**What to produce**
Repeat the material exactly from its first line to the line that includes "Buy a ticket". Skip pictures.
─── Information provided ───
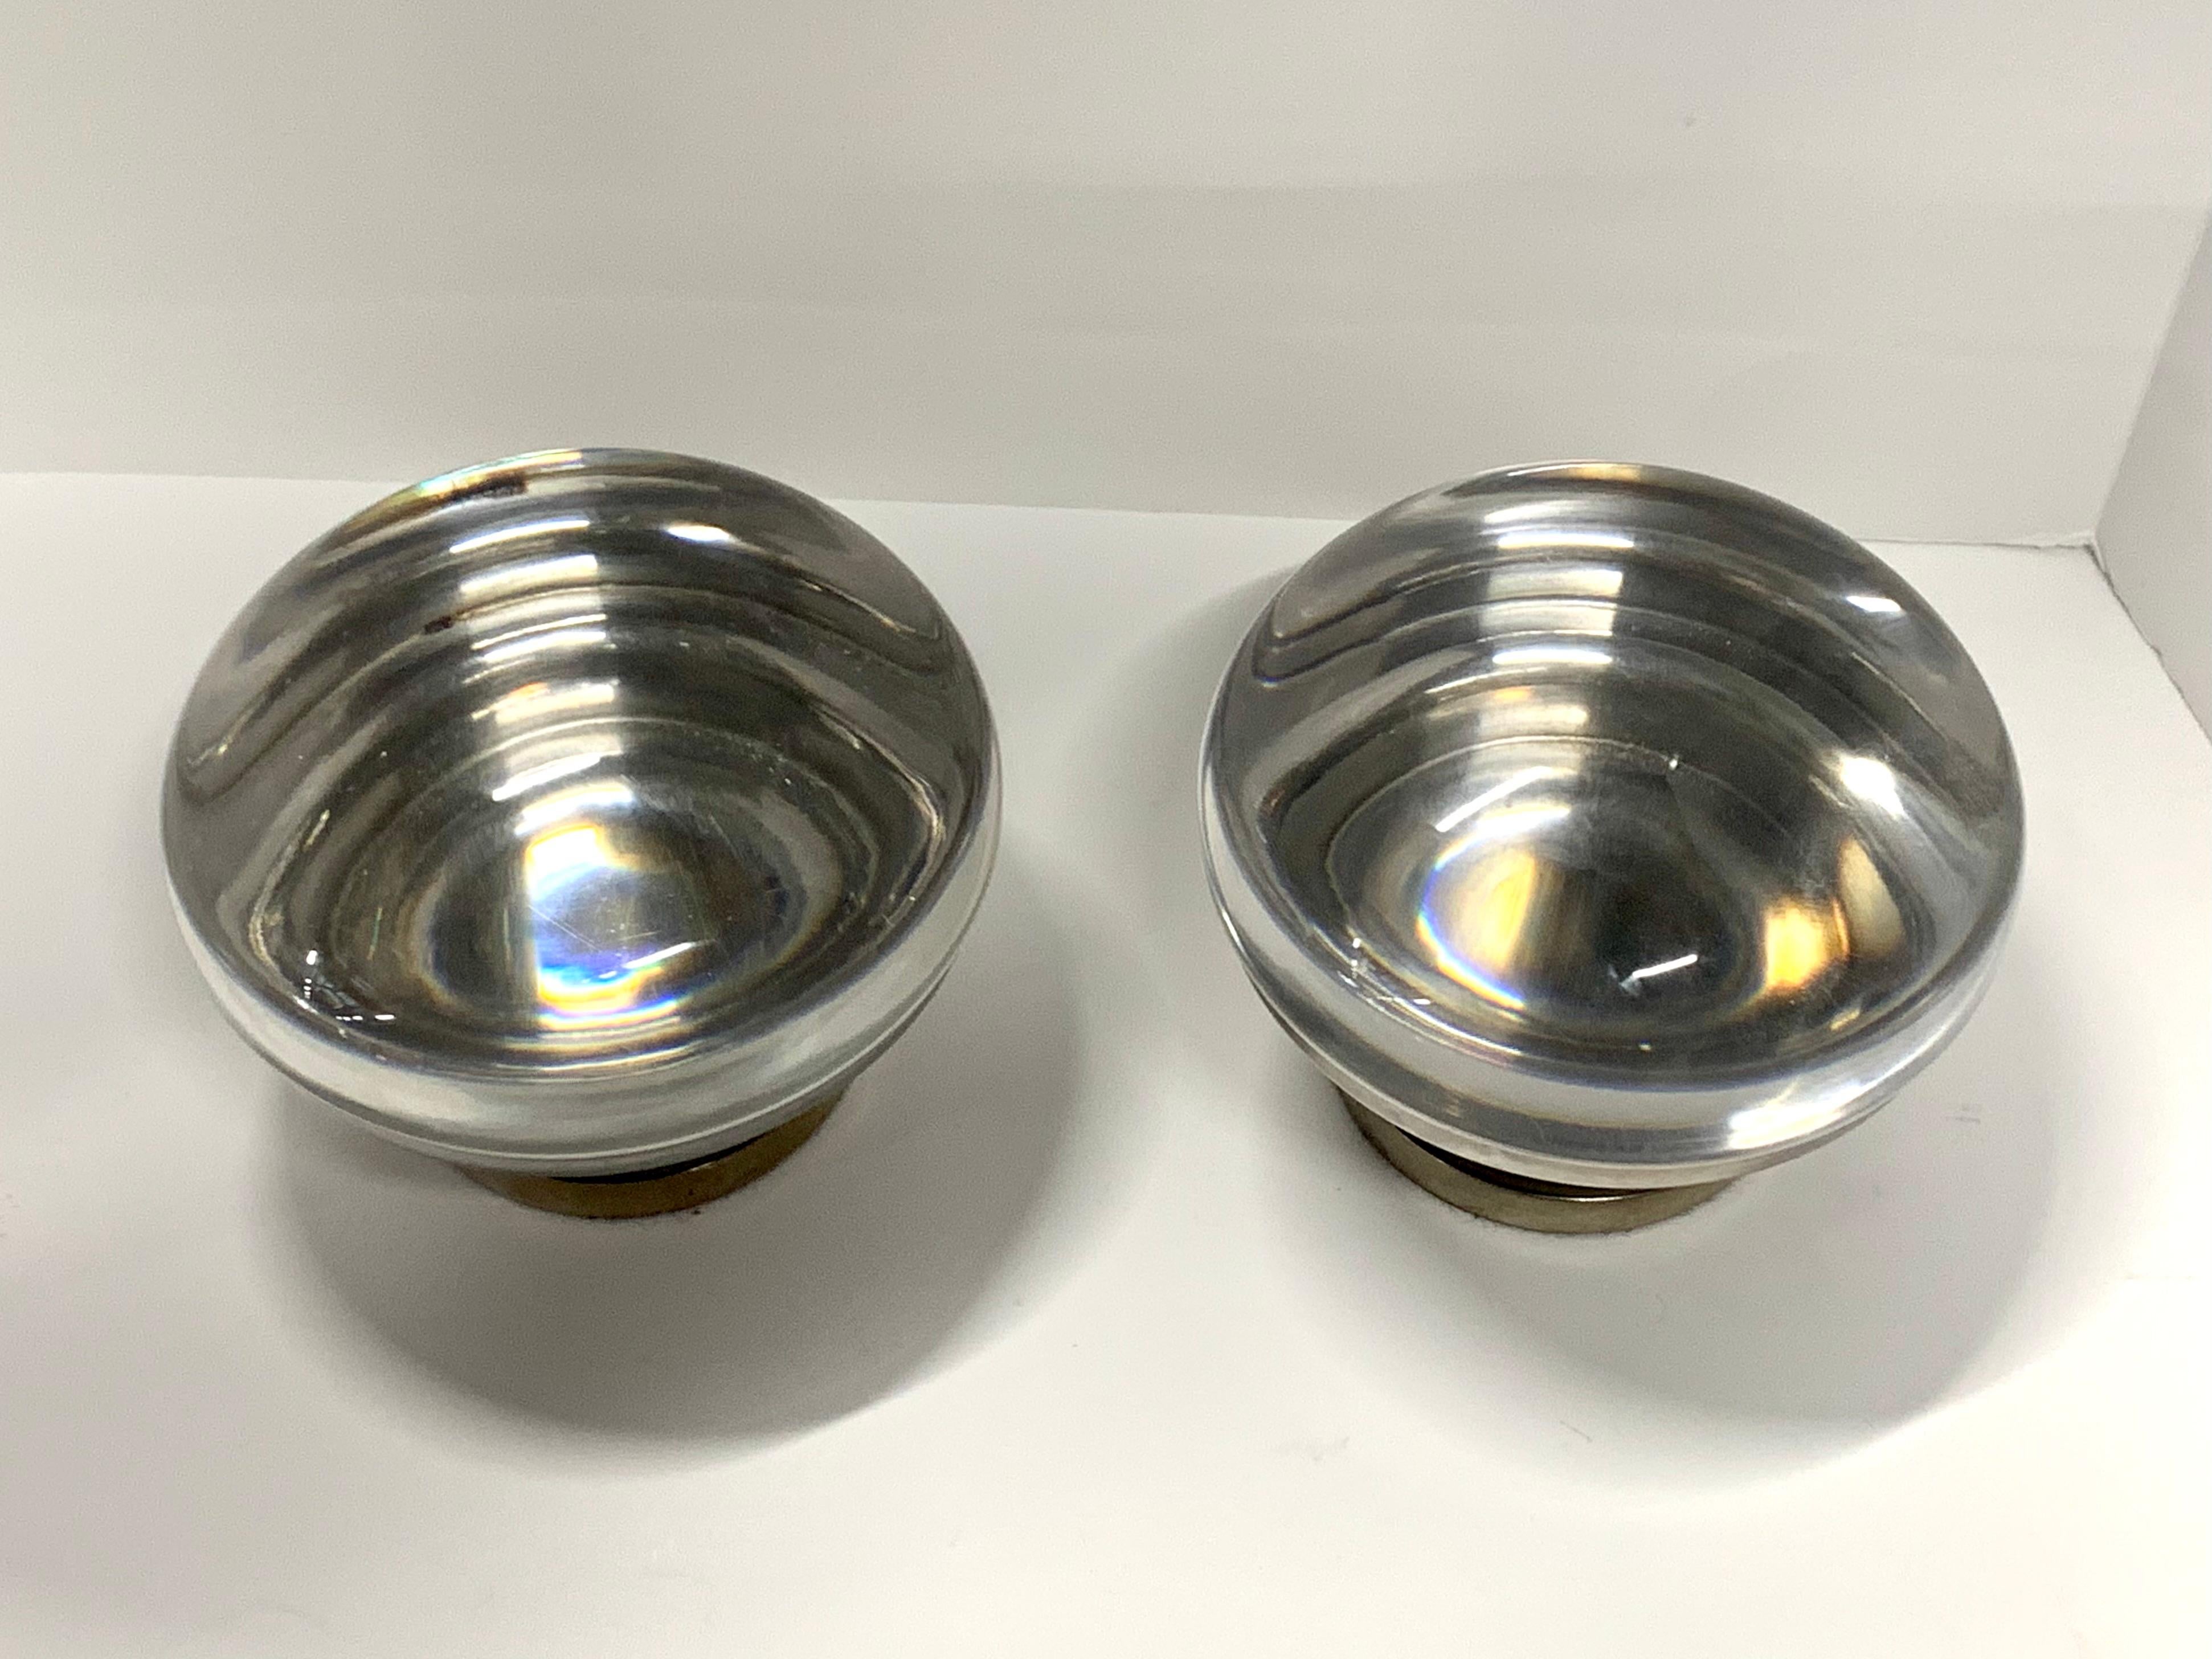 A pair of vintage Charles Hollis Jones magnifying covered vessels in Lucite and nickel finish. Measure approximate: 6 inches in diameter and 5 inches tall. In good vintage condition with minor marks throughout. These were purchased from Mr. Jones
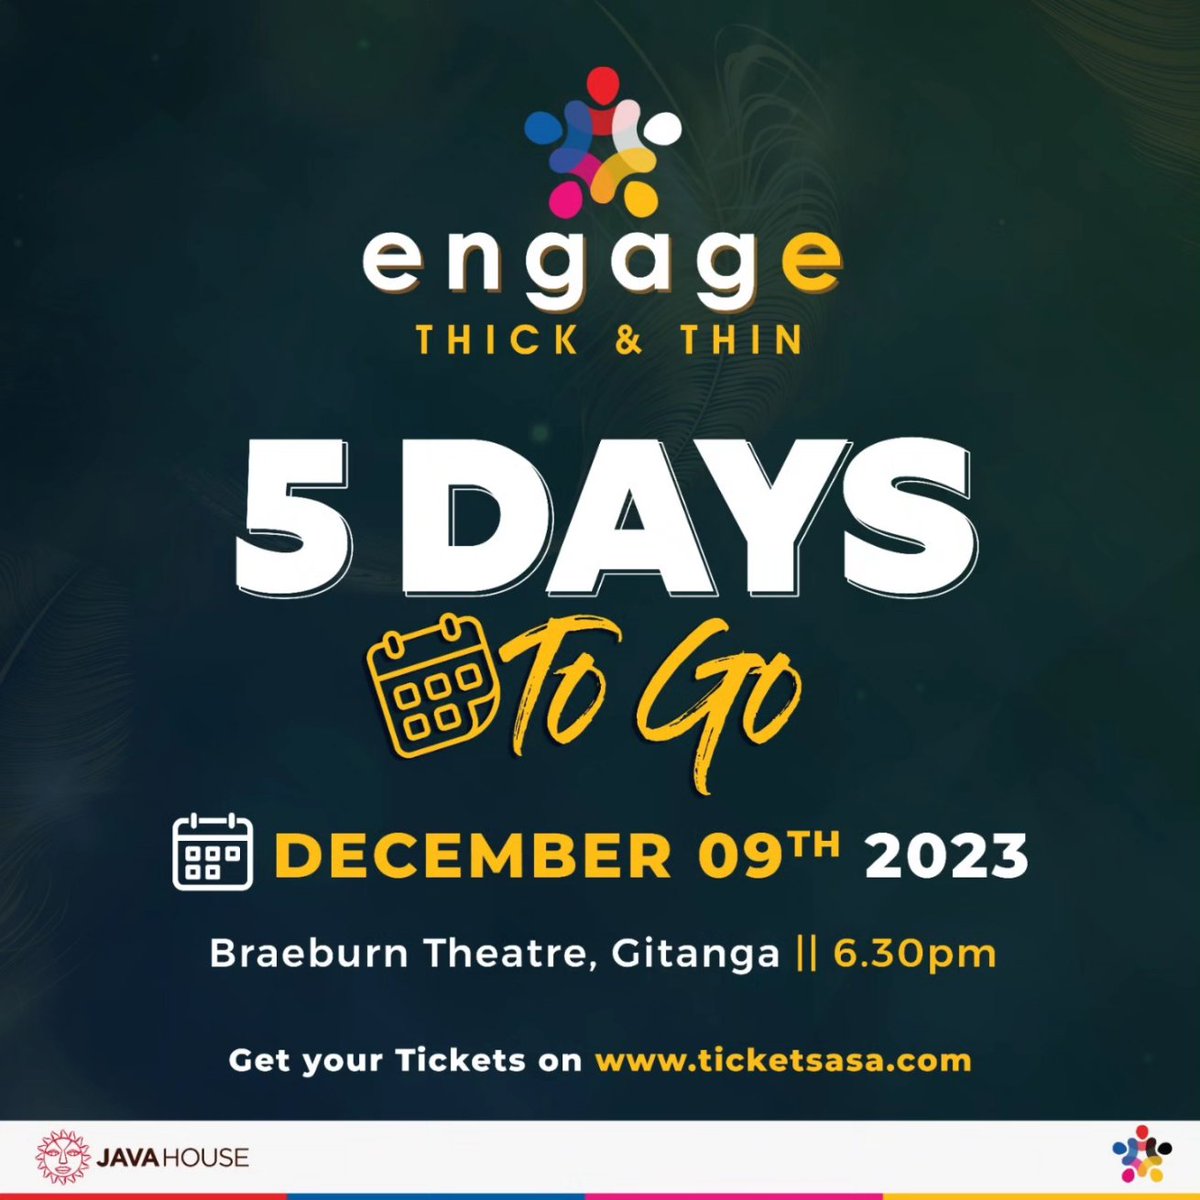 SPECIAL OFFER!
Buy a ticket and get one free. Offer valid on Wednesday from 2:00pm-6:00pm 6th Dec. Head on to bit.ly/EngageTickets to get your ticket. #engage #thick&thin  #TicketsOnSale #ticketoffer #offer
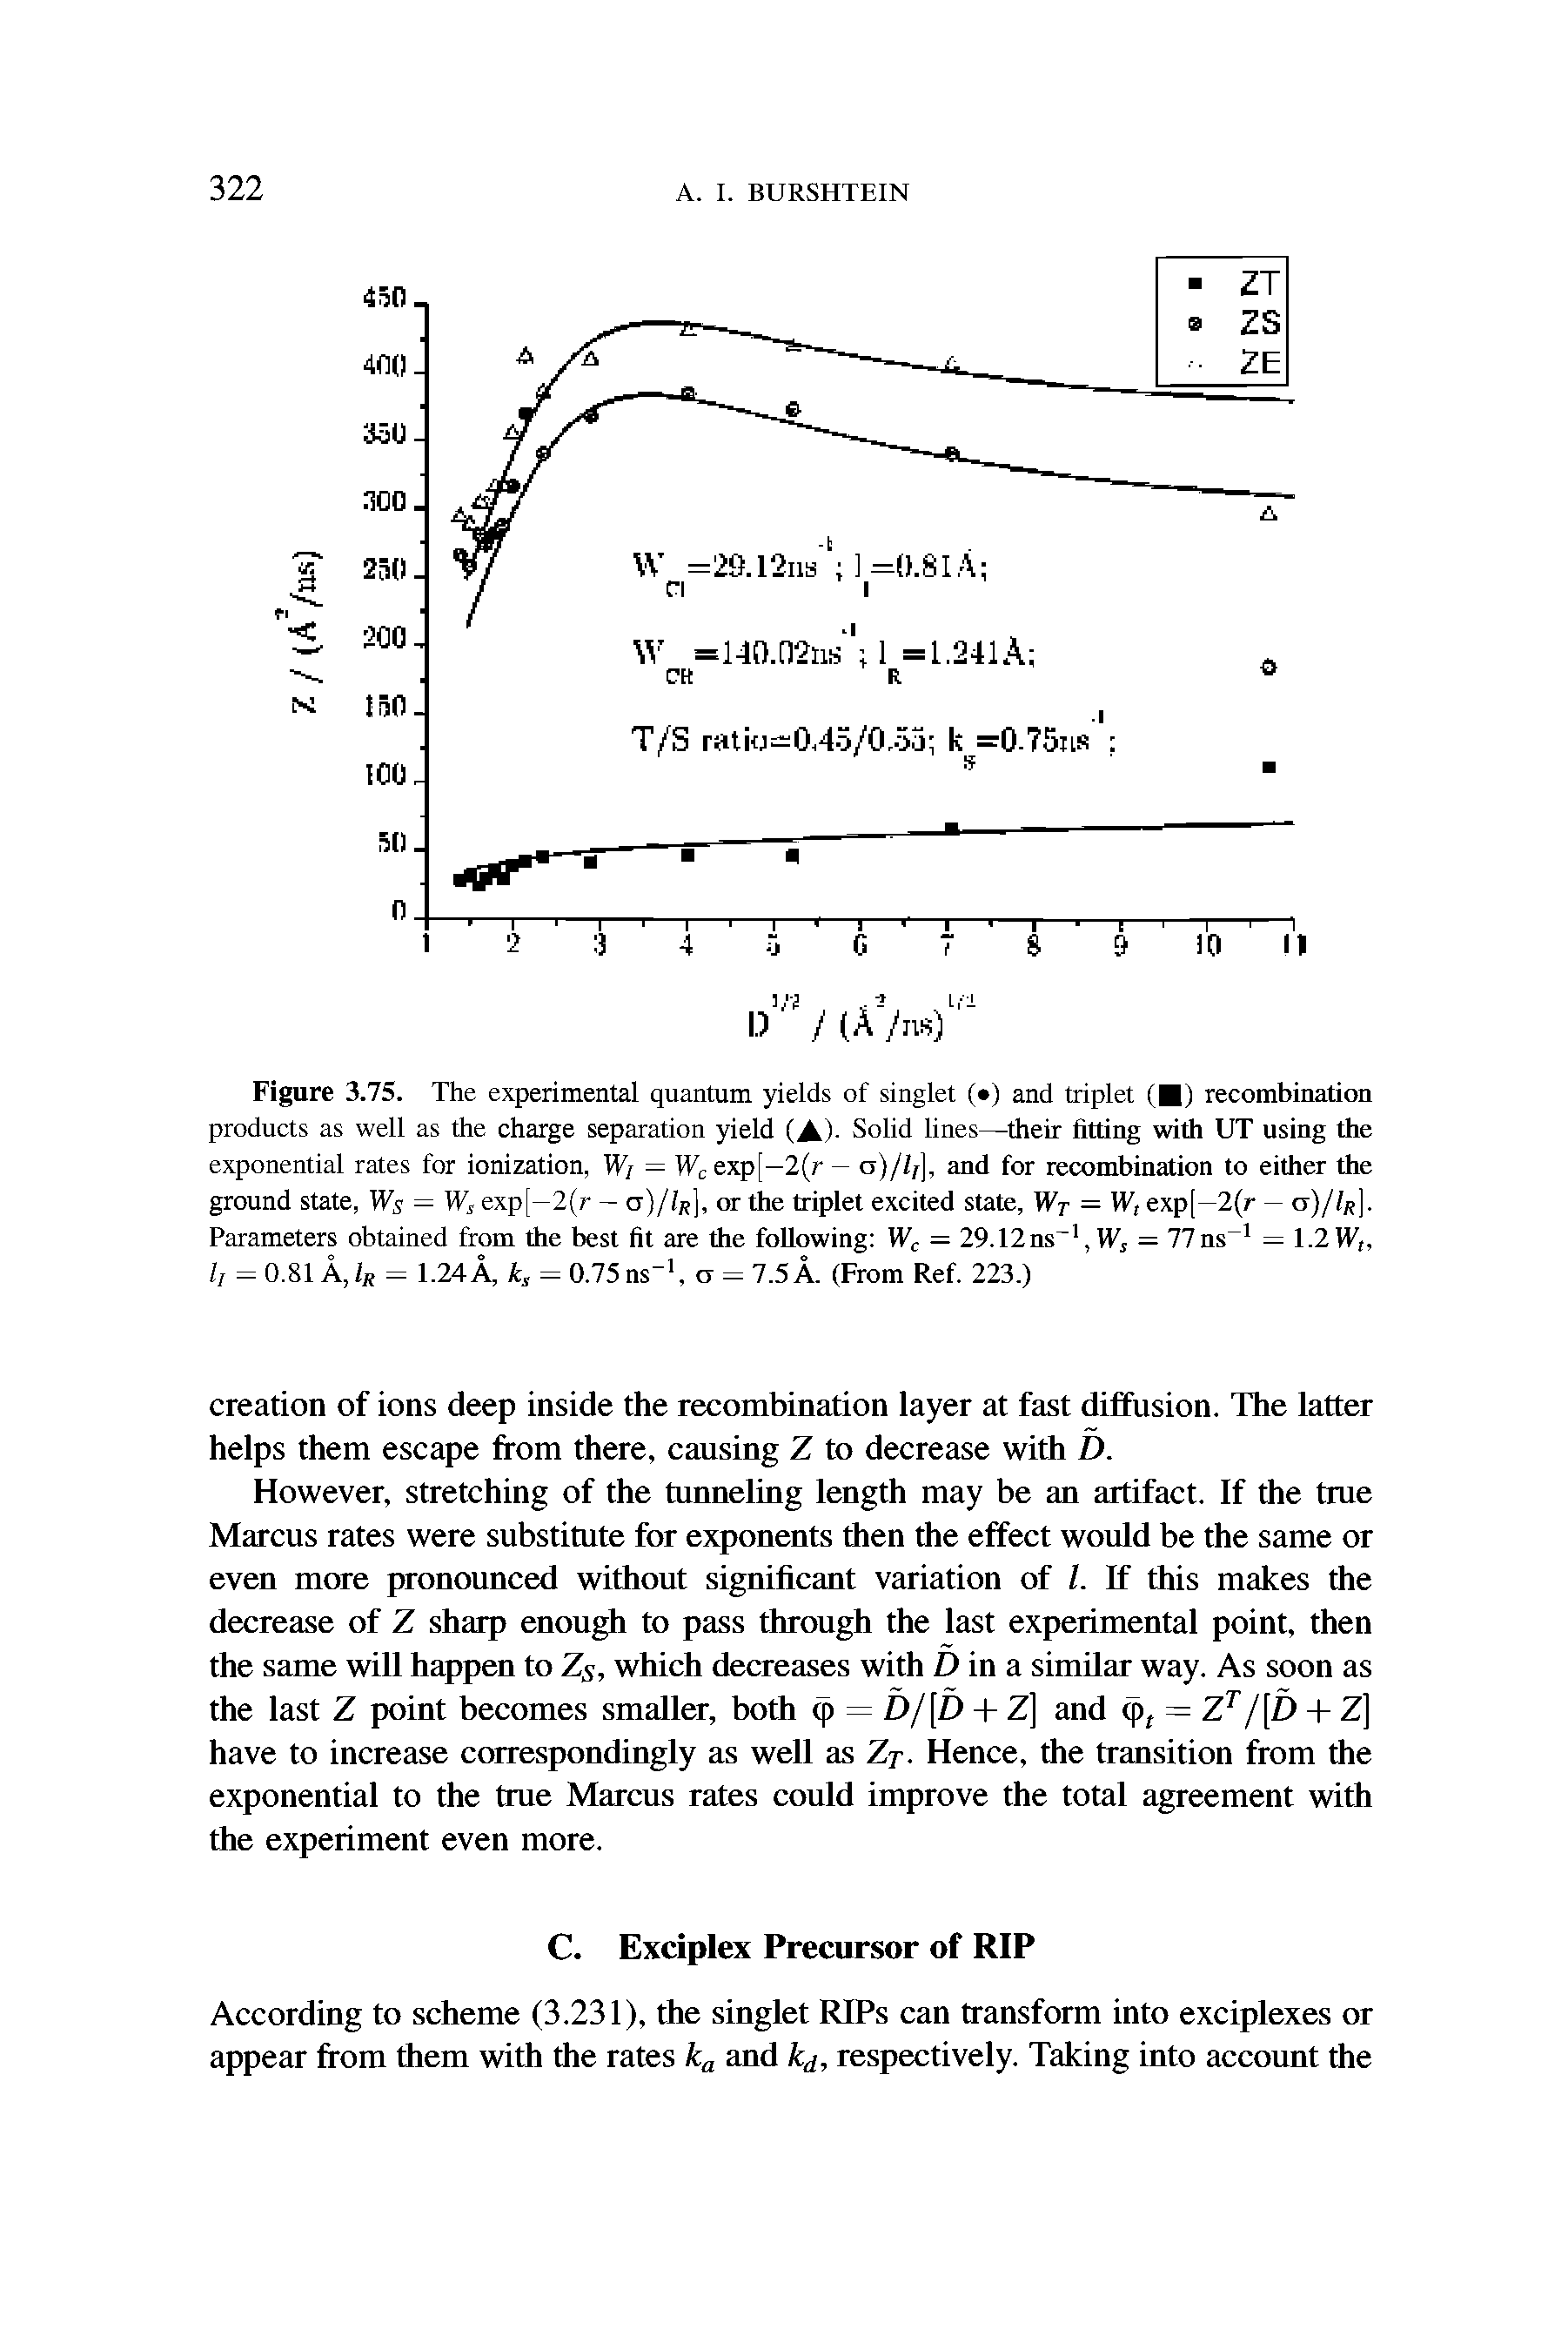 Figure 3.75. The experimental quantum yields of singlet ( ) and triplet ( ) recombination products as well as the charge separation yield (A)- Solid lines—their fitting with UT using the exponential rates for ionization, Wi = fVcexp[—2(r — a)// ], and for recombination to either the ground state, Ws = W, exp[—2(r — a) fin], or the triplet excited state, Wr = W, exp[—2(r — cj)//r]. Parameters obtained from the best fit are the following Wc = 29.12ns 1, Ws = 77ns 1 — 1.21V, l] = 0.81 A, lR = 1.24A, k = 0.75 ns 1, a = 7.5 A. (From Ref. 223.)...
───
**Response**
 A pair of vintage Charles Hollis Jones magnifying covered vessels in Lucite and nickel finish. Measure approximate: 6 inches in diameter and 5 inches tall. In good vintage condition with minor marks throughout. These were purchased from Mr. Jones
 SPECIAL OFFER!
Buy a ticket and get one free. Offer valid on Wednesday from 2:00pm-6:00pm 6th Dec. Head on to bit.ly/EngageTickets to get your ticket. #engage #thick&thin  #TicketsOnSale #ticketoffer #offer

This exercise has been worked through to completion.